--- START ---

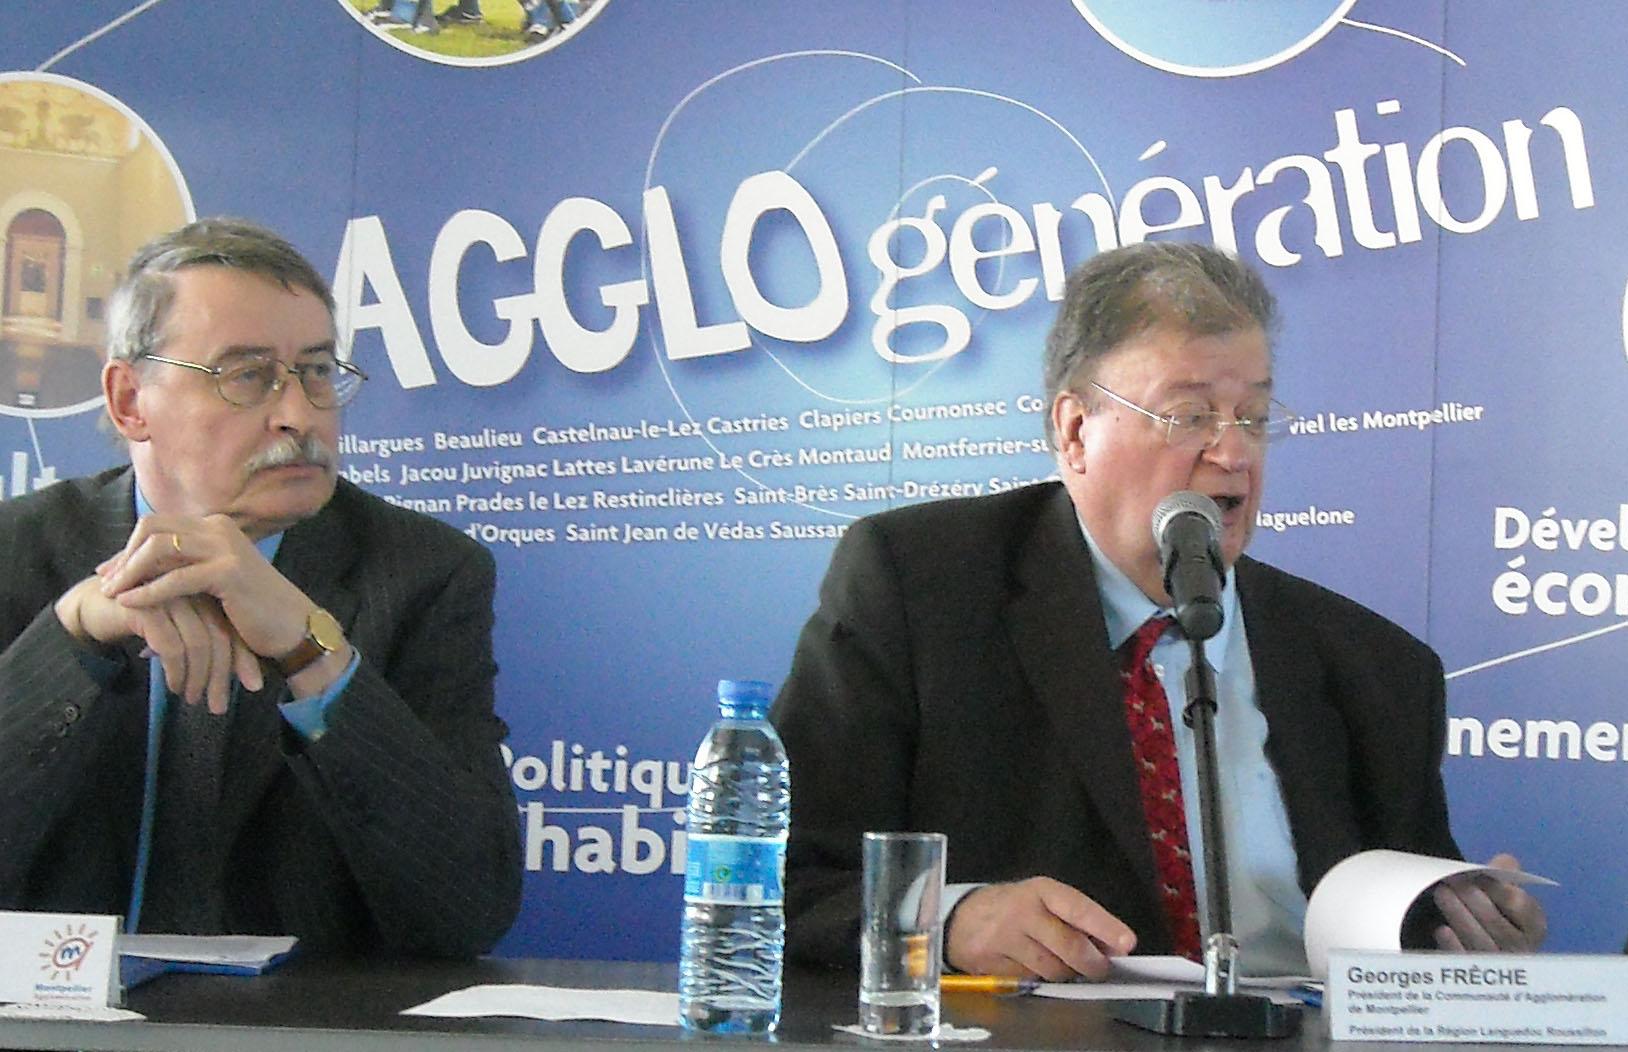 François Delacroix et Georges Frêche le 17 mars 2009 (photo : Mj)
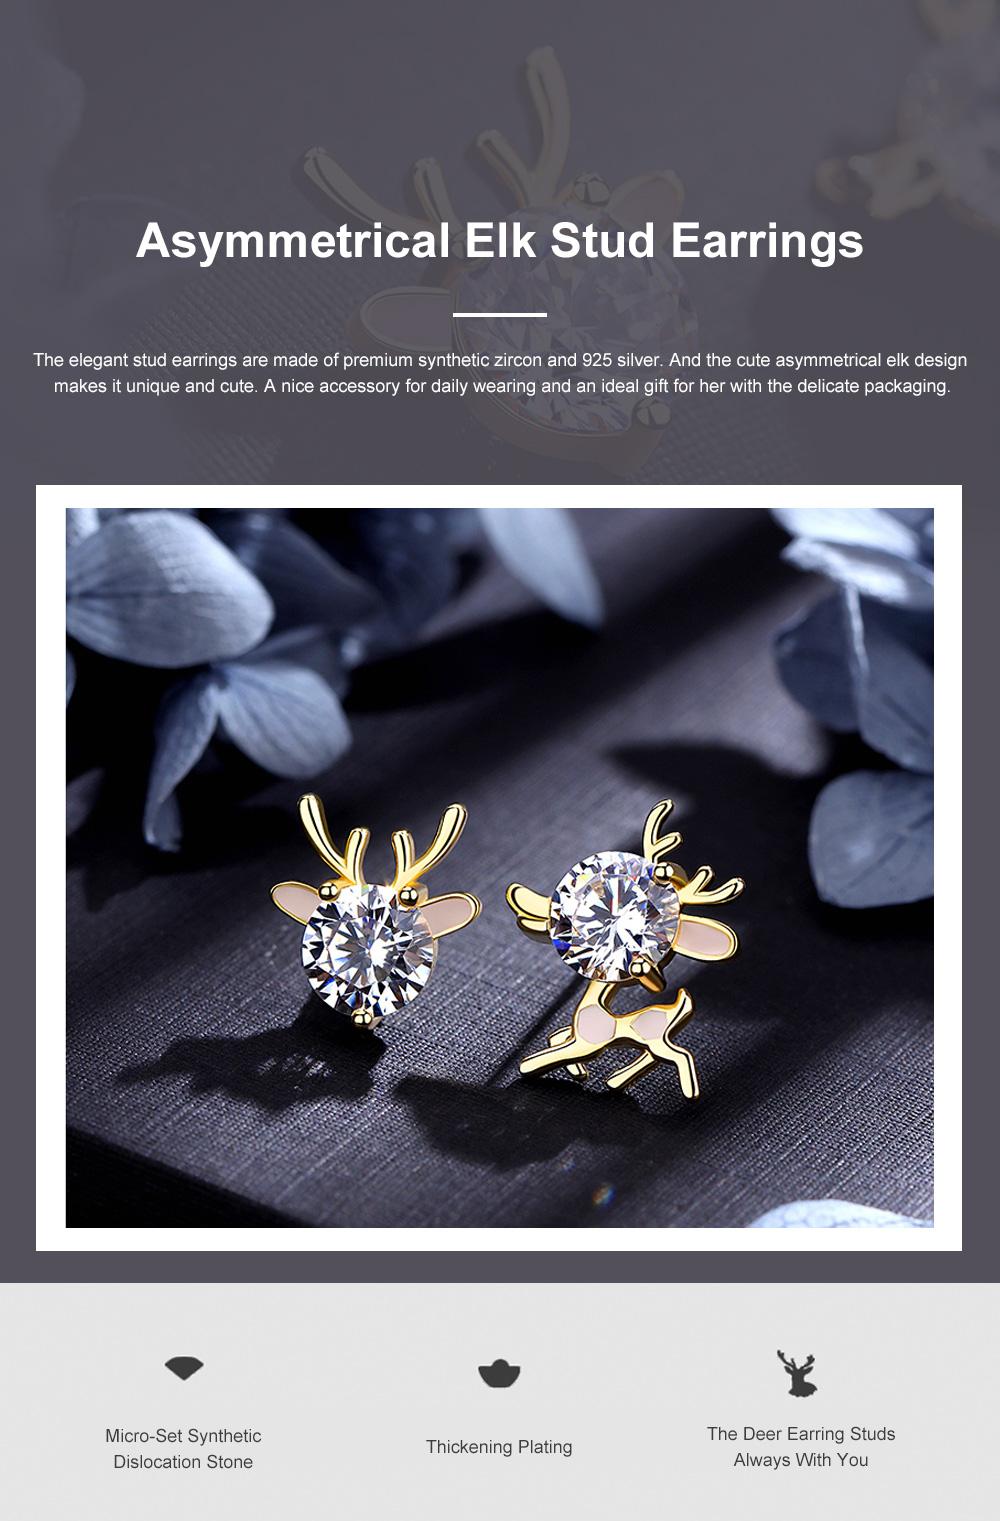 Cute Reindeer Earrings Studs for Women Asymmetrical Elk Stud Earrings Delicate 925 Silver Jewelry Earring Girls Gift 0
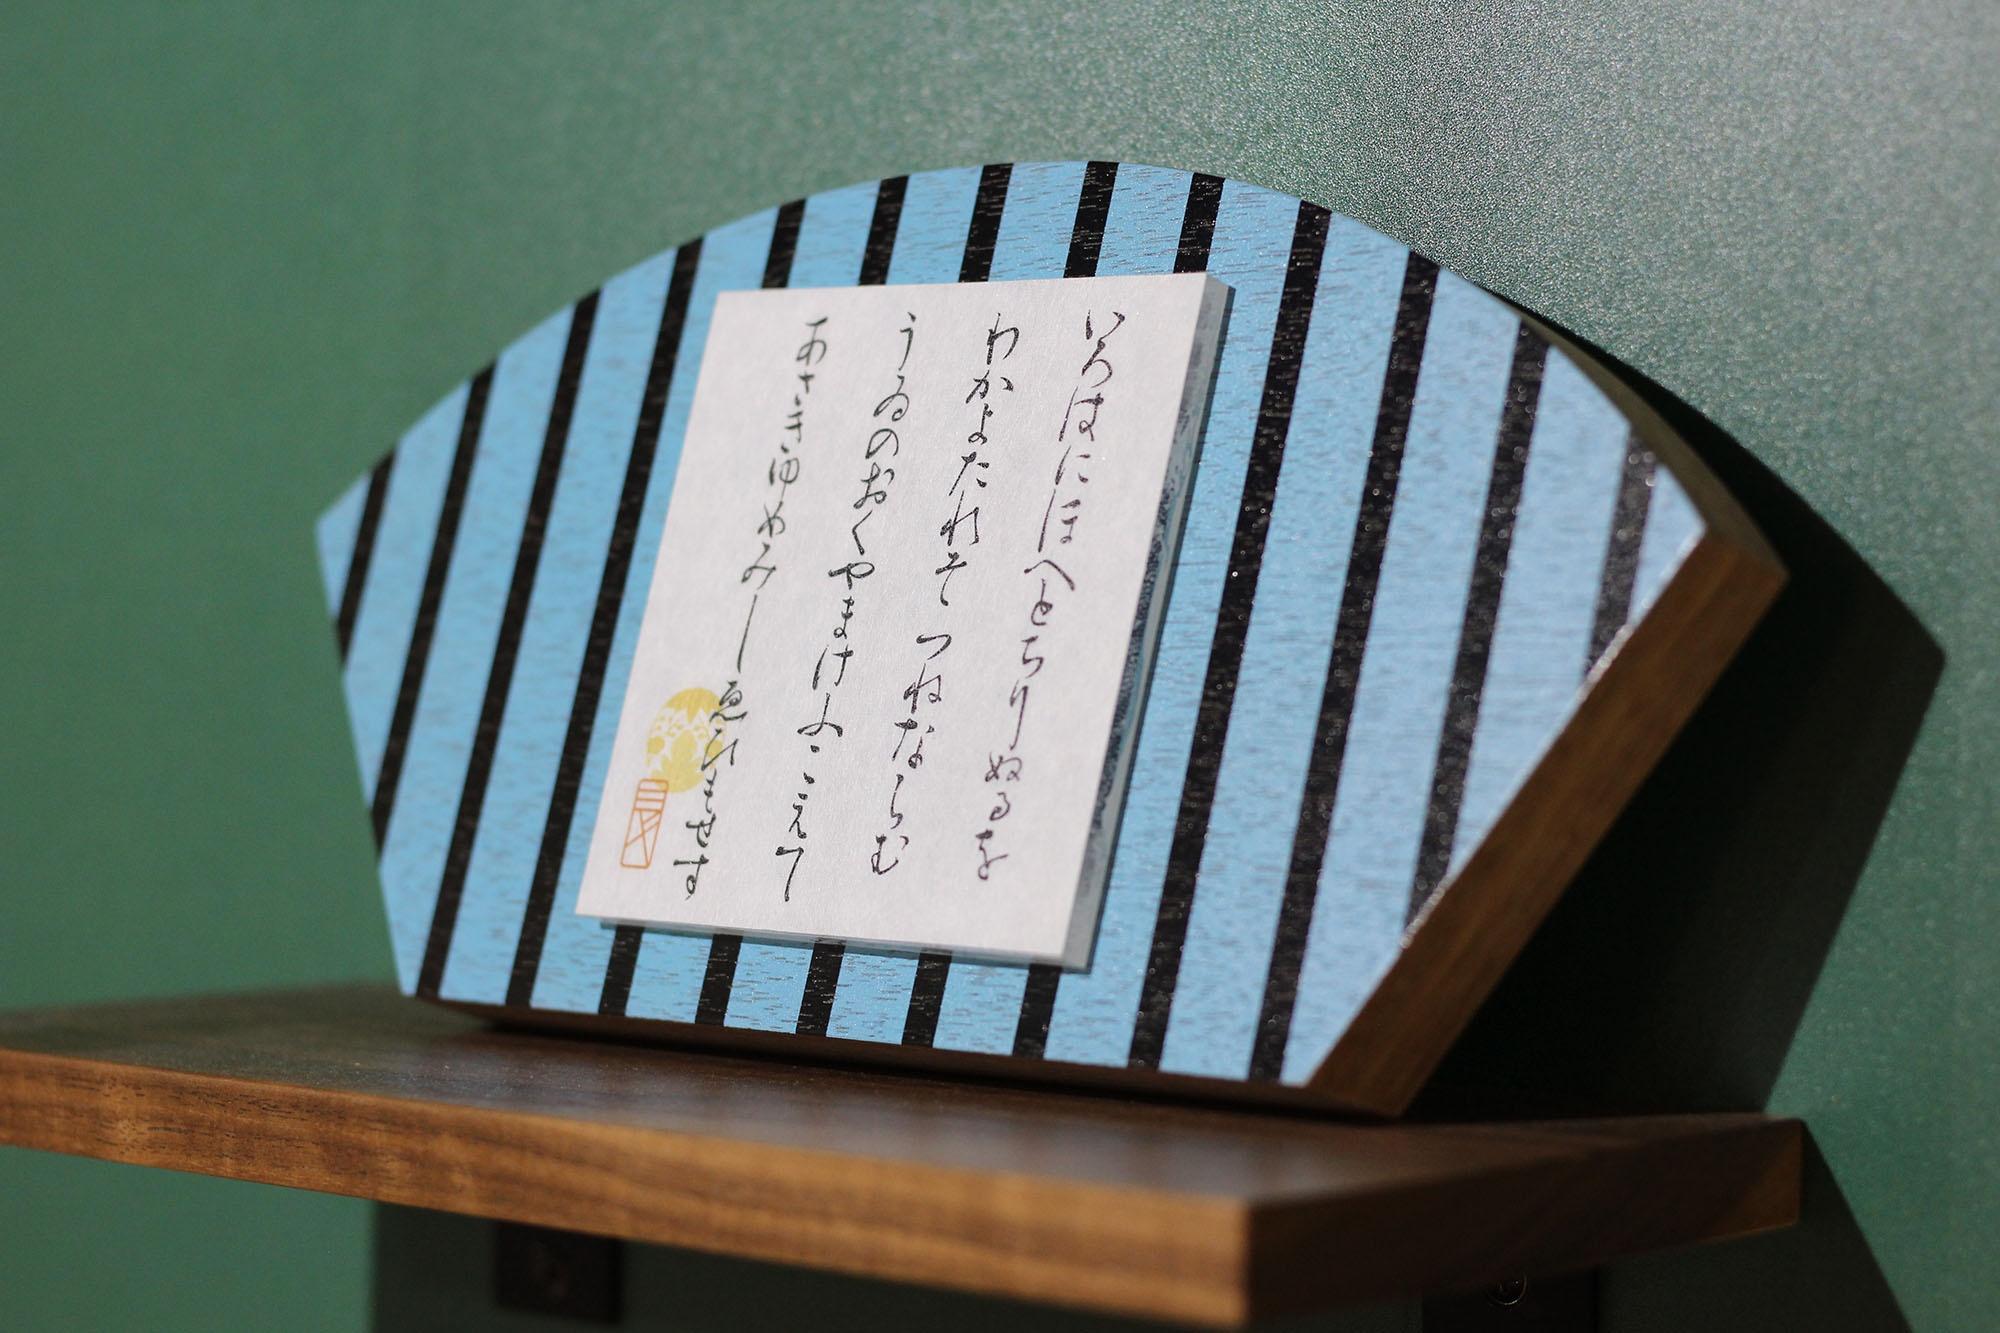 Decorative fan-shaped object

--- END ---

**INSTRUCTIONS FOR THE TASK**: Leave the images aside and retype each line of the listing above exactly.

**WRITTEN SOLUTION**:
 François Delacroix et Georges Frêche le 17 mars 2009 (photo : Mj)
 Cute Reindeer Earrings Studs for Women Asymmetrical Elk Stud Earrings Delicate 925 Silver Jewelry Earring Girls Gift 0
 Decorative fan-shaped object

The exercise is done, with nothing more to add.